On Jupiter, the colossal mesoscale convective complexes also last from 12 hours to several Earth days, producing correspondingly huge deluges of rain over vast areas. The new results show that - contrary to previous belief - these thunderstorm complexes are not fuelled by the Sun's heat, but instead develop from the intense heat emanating from Jupiter's core.

The giant planet lies five times further from the Sun than the Earth, so it receives much less solar heat. On the other hand, Jupiter's core is extremely hot. It still retains heat from the planet's original formation by collapse and compression of the planet's huge gaseous bulk. "It is in the process of cooling, and it will likely continue to cool for at least another five billion years," Gierasch says.

Heat leaks upwards from a reservoir of highly compressed hydrogen in the planet's center, so this gaseous giant emits nearly 70 percent more heat than it absorbs from the Sun. The source of the stormy turbulence on Jupiter thus seems to be the planet itself.

Mesoscale convective complexes on Earth are riven with lightning, seen dramatically from the space shuttle. What about Jupiter's giant storm systems? Galileo's instruments are not able to detect lightning on the planet's sunlit side. But once the storm crosses into the dark side, astronomers are able to see the lightning and confirm the existence of Jupiter's mesoscale convective complexes .

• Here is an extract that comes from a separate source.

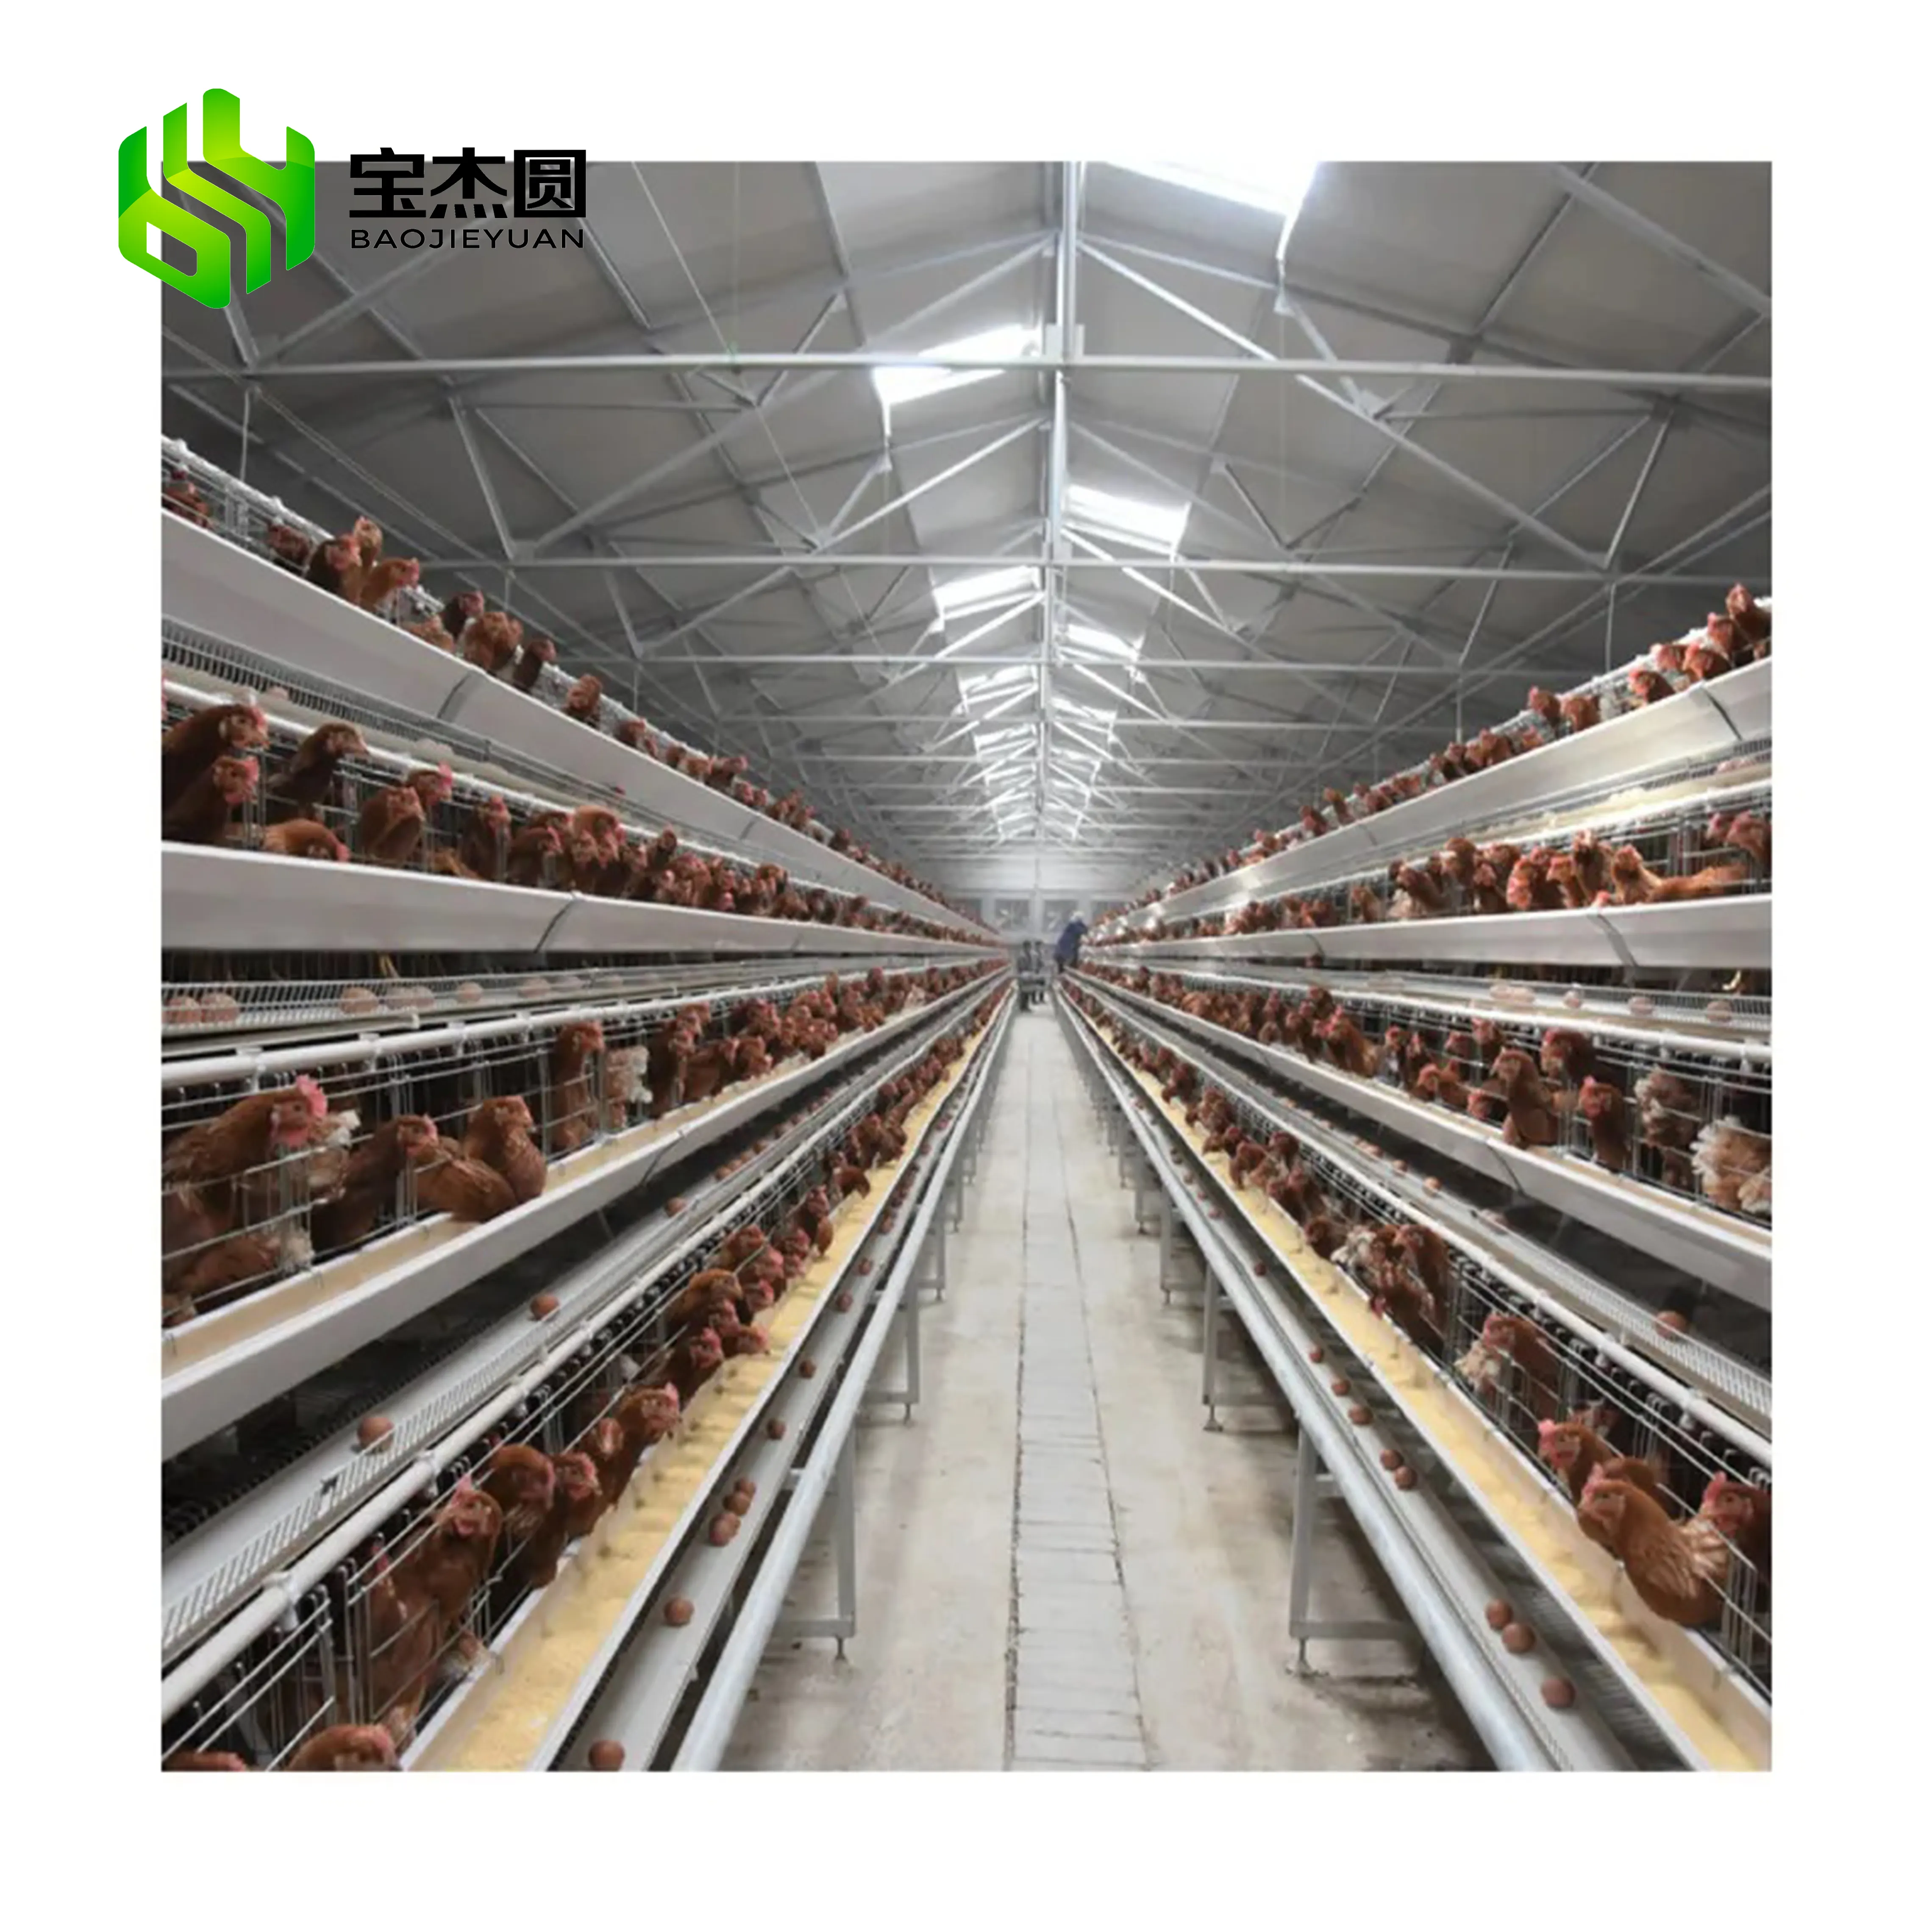 سعر المصنع 10000 الدجاج الطيور الحيوان وضع البيض البطارية طبقة التلقائي أقفاص دجاج ل معدّات تربية الدواجن

These lightning bolts dwarf anything on Earth, according to Andrew. P. Ingersoll of the California Institute of Technology and Blaine Little of ITRES Research, Calgary, Canada. They have measured the Jovian lightning strokes as several times the size of the largest terrestrial bolts.

Jupiter's storms are not only spectacular. The new Galileo results suggest that the mesoscale convective complexes provide the energy that drives the whole of Jupiter's powerful weather system. It's an almost-continuous cycle, Gierasch explains. The storms develop and drop rain; the raindrops evaporate prior to reaching Jupiter's core heat-source, and rise again as water vapour that convect upwards to start the next round of storms.

In the 400 years since the Italian astronomer Galileo first turned his telescope towards Jupiter, astronomers have puzzled over its spectacular bands and whorls of swirling clouds. Now the giant planet's secret is out. Its turbulent clouds and ferocious weather systems are fueled by its hidden superhot core, and driven by the greatest thunderstorms in the Solar System.

You can find out more about physics at Cornell University on their webpage.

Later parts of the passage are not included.